Bellamy says the attacks over SJP’s charges are at odds with other adviser charging practices in the market, particularly the increase in advice charges post-RDR.
“It is a bit rich. Our fee structures have been consistent throughout this period, and yet the adviser community has moved from 50 basis points for ongoing advice to 75 to 100bps. Some of the ways they’ve done that is by moving people from active funds to passive funds. That’s not good behaviour, but it’s pretty common. It is ironic that those people look into this organisation and cry foul.”
Away from charges, SJP has also come under fire for its incentive structure for partners with reports suggesting advisers are treated to lavish foreign trips and high-end jewellery.
Bellamy says advisers receive a “badge of office” for making partner, which is a pair of cufflinks with SJP’s logo. He adds incentive schemes are disclosed to clients and the FCA is aware of the incentives in place.
“It is disingenuous to say it’s all fancy dinners with Bill Clinton because we don’t do that. We do have big speakers. As people are aware, this year we had George Osborne. I won’t apologise for the fact we had an ex-chancellor of the exchequer come and talk to 6,500 people in a financial services business about Brexit, about the economy and about his view on what the future looked like. That seemed to me something that was quite educational. Unfortunately you don’t get thanked for getting someone with that kind of pedigree, you just get kicked around the place because he cost £40,000.”

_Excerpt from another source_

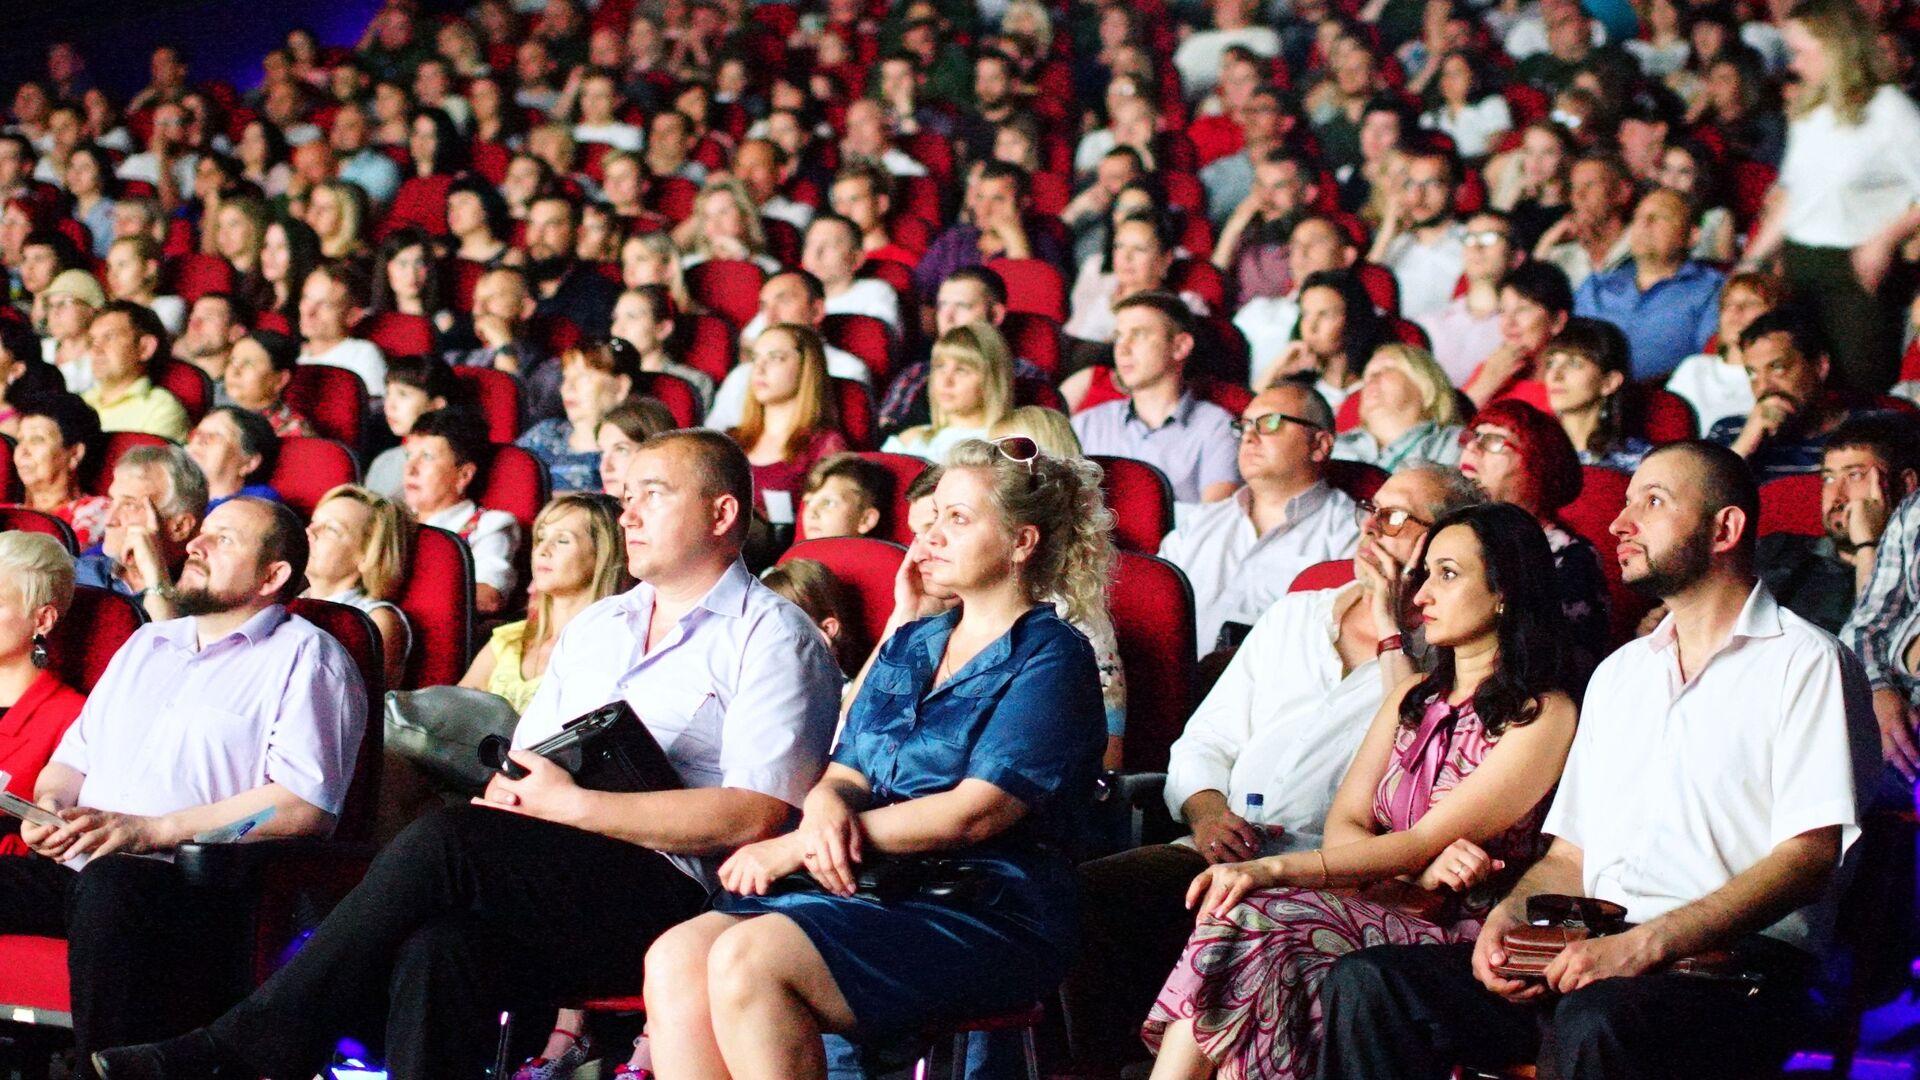 Зрители в кинотеатре, архивное фото - Sputnik Таджикистан, 1920, 21.08.2021

He says the barrage of negative press has been hard to take given the language used.
“We were concerned about the first Sunday Times article because it talked about rip-offs. That suggests cheats and swindlers, and I have to say that got us a bit uptight. That was very personal. Talk to our clients about the value they get from this organisation and the relationship they have with us, and you will find the predominance of clients who are very happy. Why would people recommend us if they weren’t happy? We count former fund managers and economists among our clients. Do you really think they don’t understand the charging structure?”
Bellamy says clients see SJP as a business that is focused on returns and performance, and he is aware of clients disputing the picture being painted by the Sunday Times.
As for other advisers’ negative perception of SJP, Bellamy believes this comes down to a lack of understanding about how the business model works.
“There’s a bit of envy out there, and there’s a bit of ignorance to be honest as well. People don’t understand what we do. We’re delivering to clients industrial scale funds with retail characteristics. The result is we get wholesale rates and play that into the retail market. Most of the fund managers we deal with are cheaper than they would be on any other platform in the country. And all of that benefit is passed straight through to clients.
“We are described as restricted, vertically integrated, tied, and probably lots of other derogatory comments as well. We’re trying to do the best possible job we can for our clients, and it works, and we have a lot of satisfied clients. I don’t think there’s anything restricted about that.”
A special relationship?
There is a theory swirling in industry circles that given SJP’s size and scale, the company has a different kind of relationship with the FCA than other advice firms. Specifically, the story goes that because SJP pays so much into the regulatory system (£17.2m in Financial Services Compensation Scheme levies in 2016, and a further £20.1m in 2015) that somehow SJP has cut some sort of “deal” whereby the regulator looks the other way on issues such as charges.
Bellamy finds the idea absurd.
“If people think about this rationally, look at what’s happened to the banks over the last six to seven years. Billions have been taken out of the banks, and put back into society through fines and compensation for payment protection insurance. If anybody was putting into the system, the banks were, both by way of tax and regulatory fees.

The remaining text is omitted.